▸ **Dataset section**
Start of Block
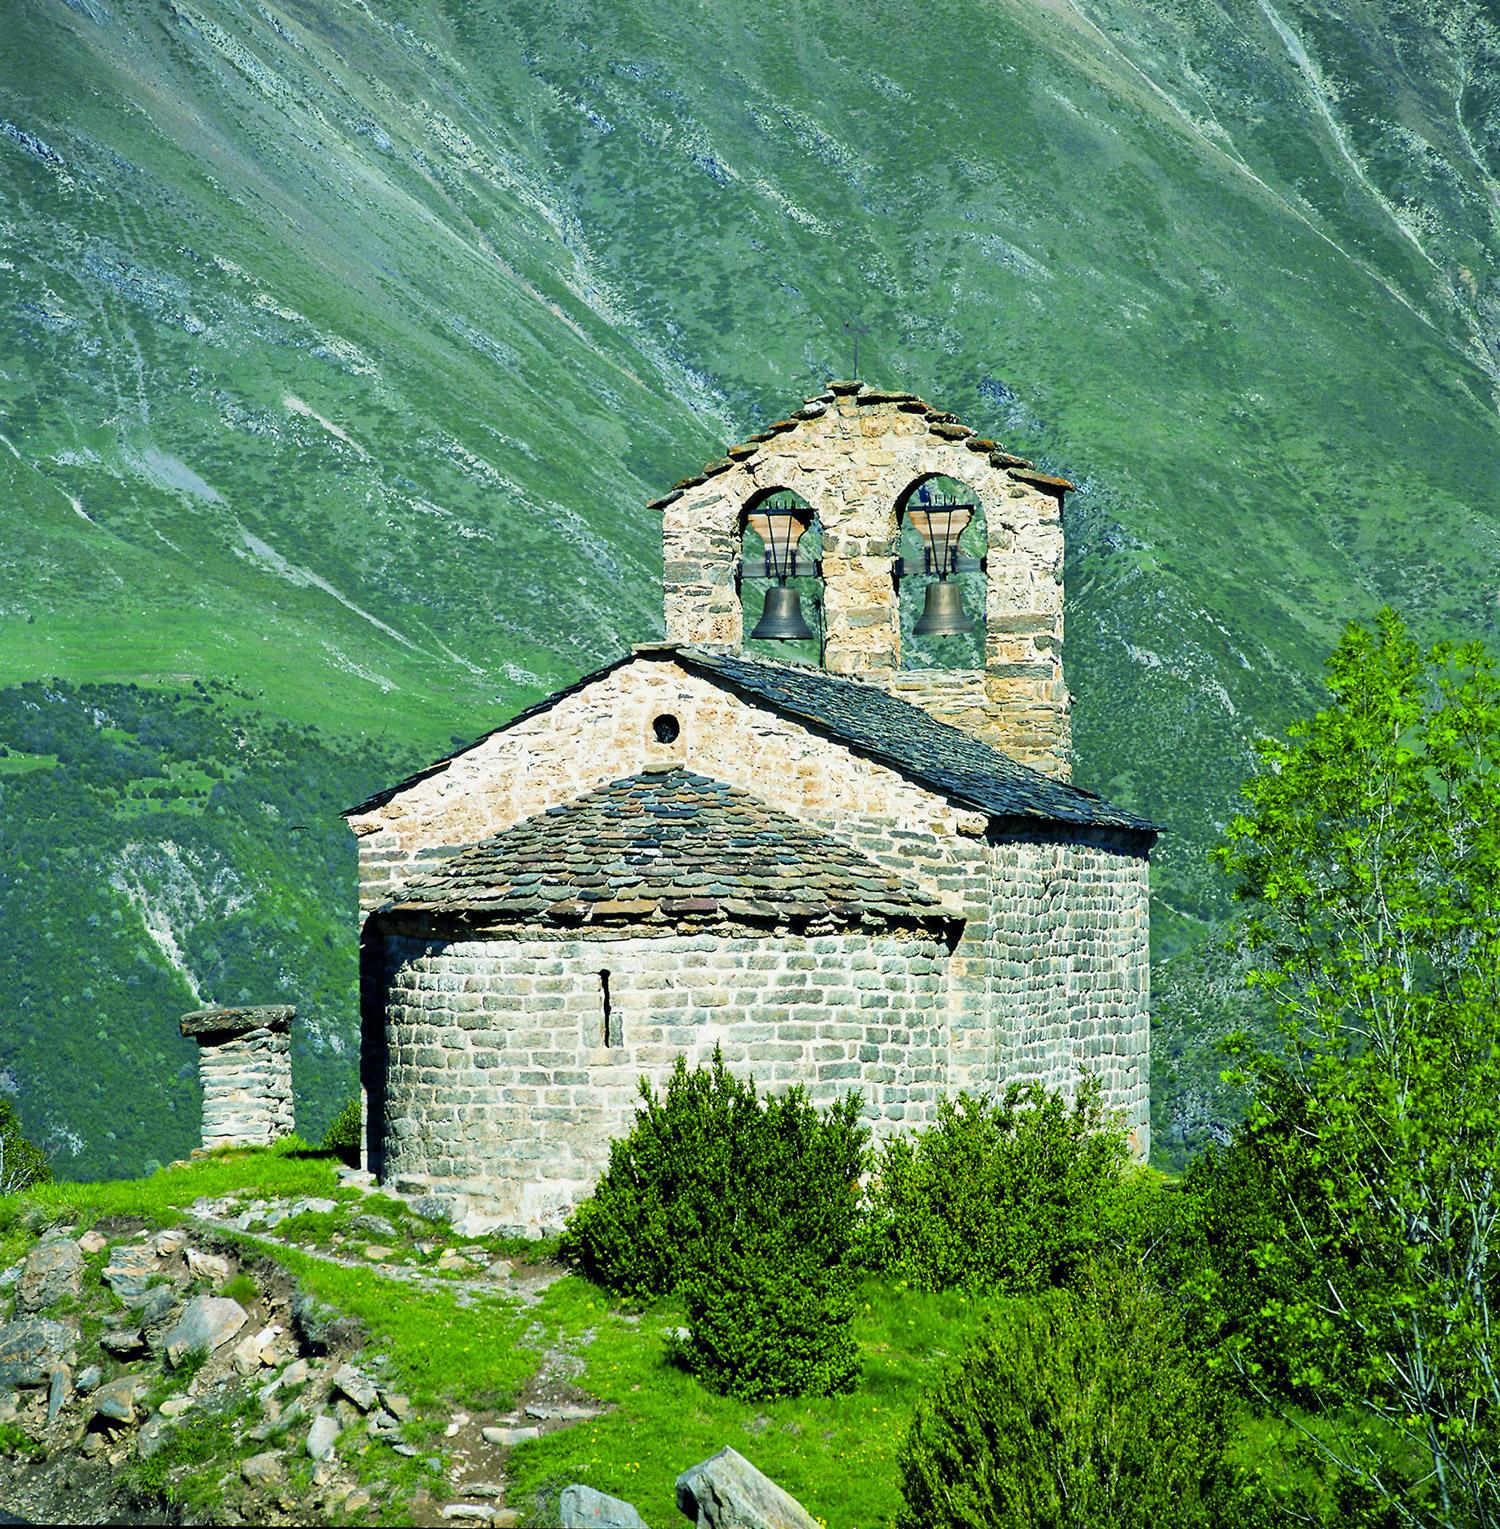 Eglise de Sant Quirc de Durro Terres de Lleida © Imagen M.A.S.
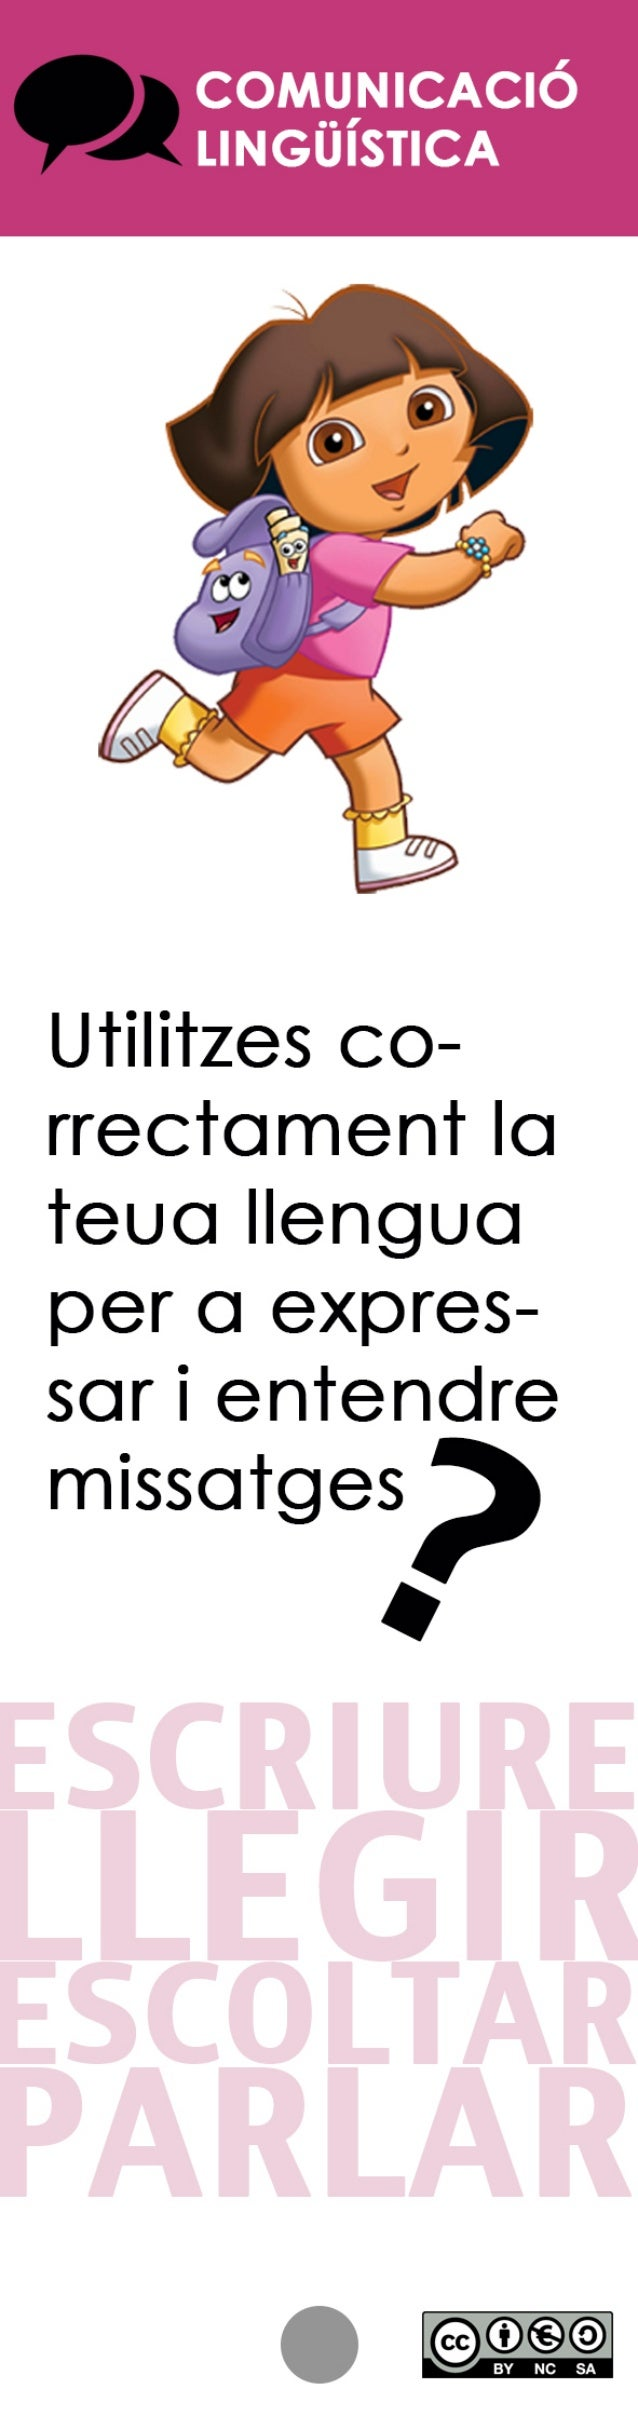 COMyINICACIÓ LINGUISTICA  U'r¡I¡'rzes co- rrectement la ïeuo llengua per o expres- sor í enïendre  míssofges?   O
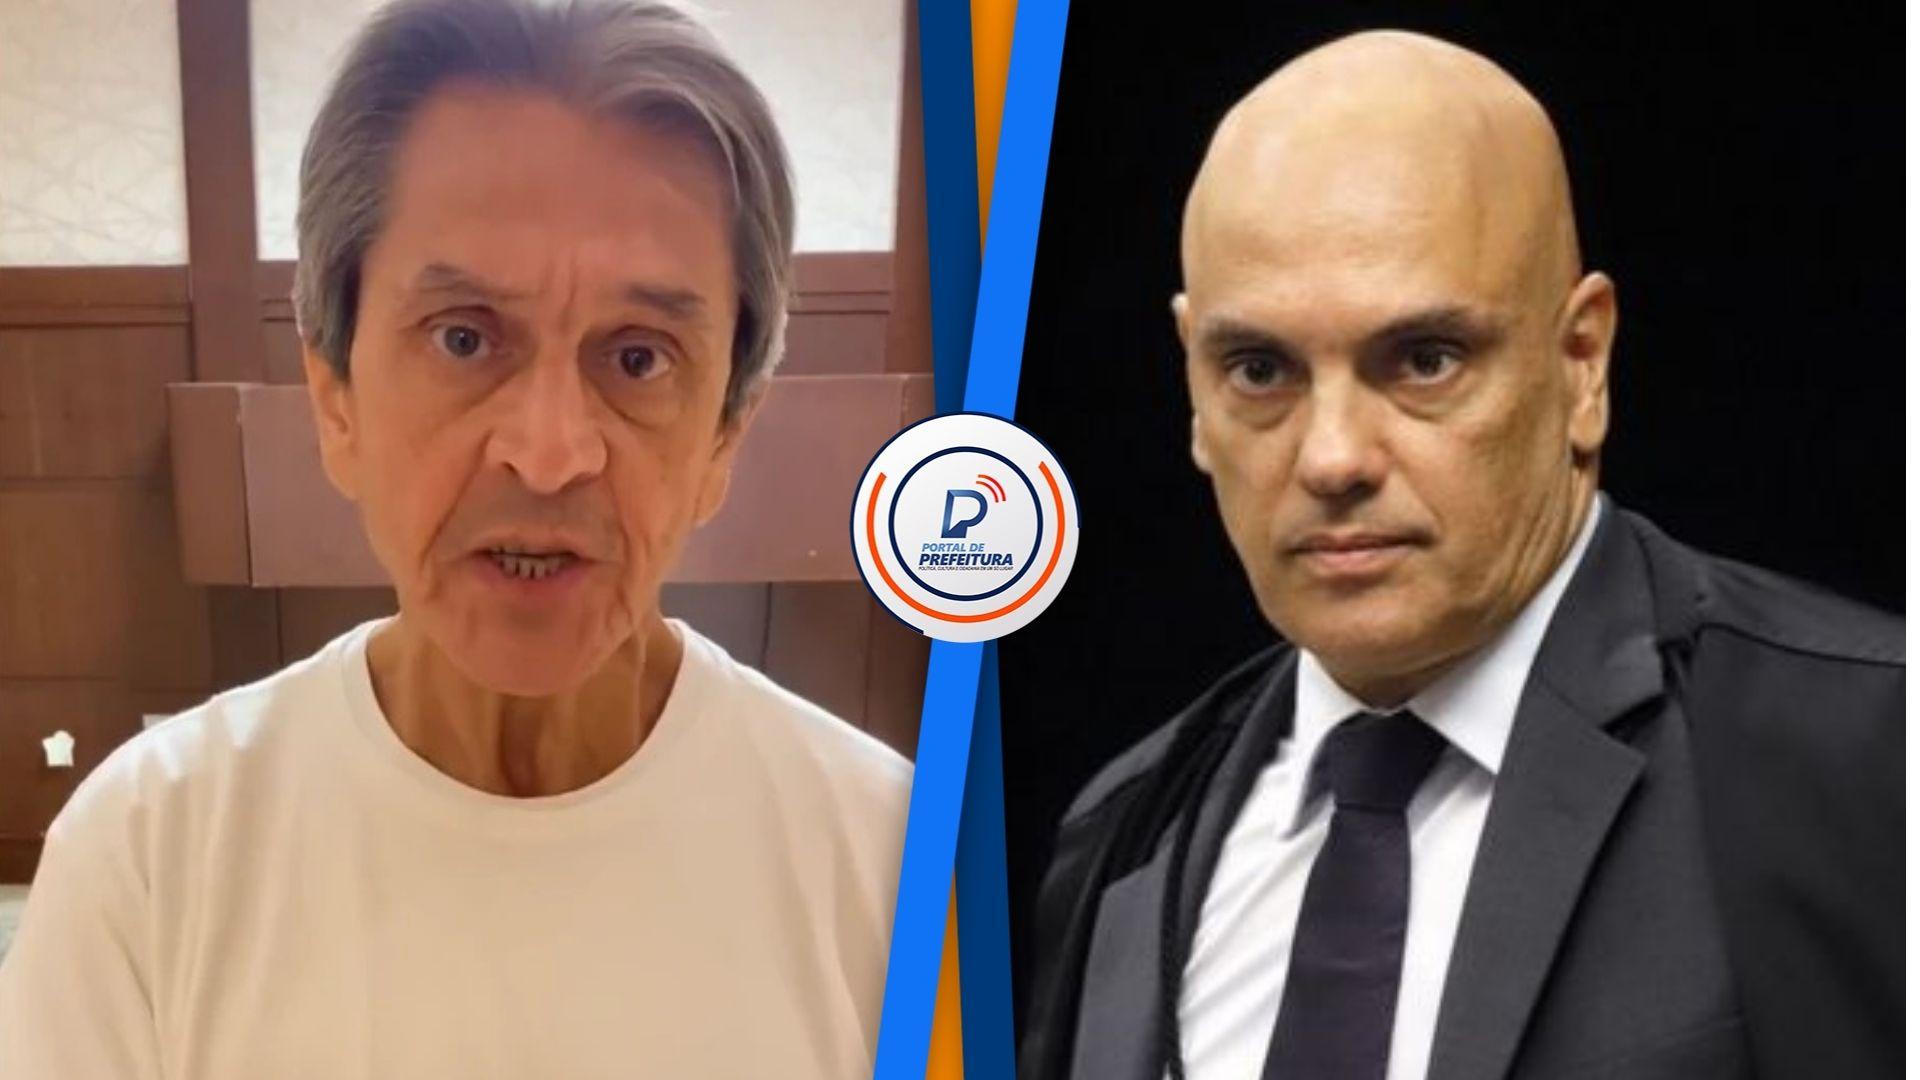 """Em vídeo, Roberto Jefferson sobre Alexandre de Moraes: """"Oro em desfavor do Xandão�"""
End of Block
▸ **What the exercise asks**
Please retype the data exactly, but do not carry over any picture.

▸ **Exercise result**
 Eglise de Sant Quirc de Durro Terres de Lleida © Imagen M.A.S.
 COMyINICACIÓ LINGUISTICA  U'r¡I¡'rzes co- rrectement la ïeuo llengua per o expres- sor í enïendre  míssofges?   O
 """Em vídeo, Roberto Jefferson sobre Alexandre de Moraes: """"Oro em desfavor do Xandão�"""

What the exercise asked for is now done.